The sell-off, initiated in the United States, had worldwide repercussions, particularly affecting Asian markets. South Korean chipmakers such as Samsung Electronics and SK Hynix saw their stocks plummet, contributing to significant market volatility.
South Korea’s Market Reaction
In South Korea, the benchmark Kospi index fell 10 percent, triggering a temporary trading halt. The country’s stock market, once the best performer globally since 2025, experienced large fluctuations due to retail investors heavily investing in semiconductor stocks.

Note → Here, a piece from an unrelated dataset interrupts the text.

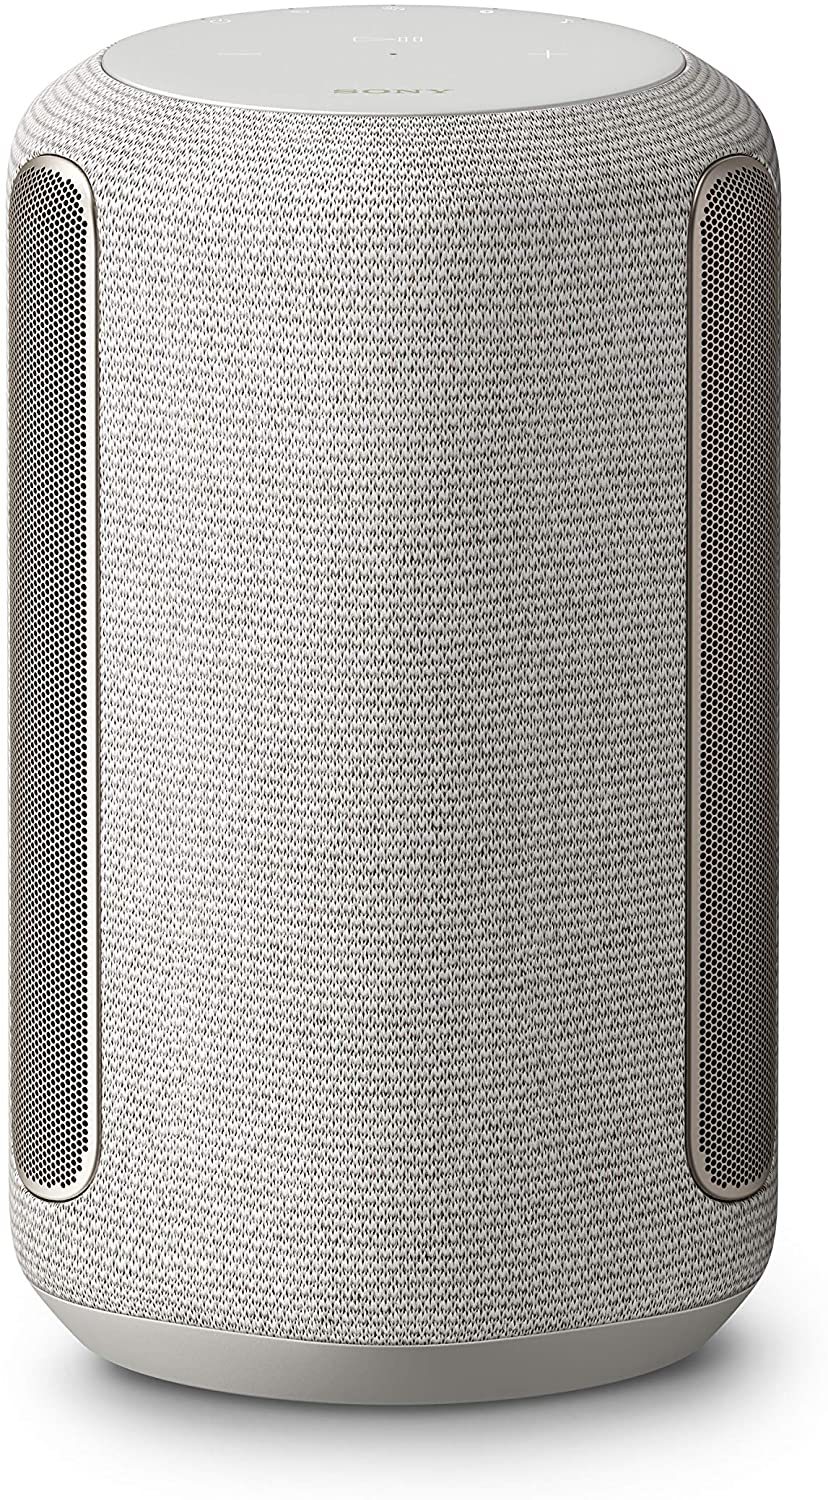 Sony 360 Reality Audio Wi-Fi Enabled Wireless Speaker - Light Gray (Certified Refurbished)

These fluctuations were driven by the success of Samsung Electronics and SK Hynix, whose chips are essential for A.I. systems. On Tuesday, shares of both companies dropped over 12 percent.
Continued Declines in U.S. Tech Stocks
Major U.S. tech firms like Alphabet, Amazon, and SpaceX also faced declines. SpaceX, which had initially surged post-IPO, lost more than 20 percent of its value over recent trading sessions but remains above its initial public offering price.
Market Analyst Perspective
Alexander Redman, chief equity strategist at CLSA, noted that the volatility in the market is unsettling. “It’s unnerving that you’re seeing this kind of volatility,” he said at the company’s investor conference in Seoul.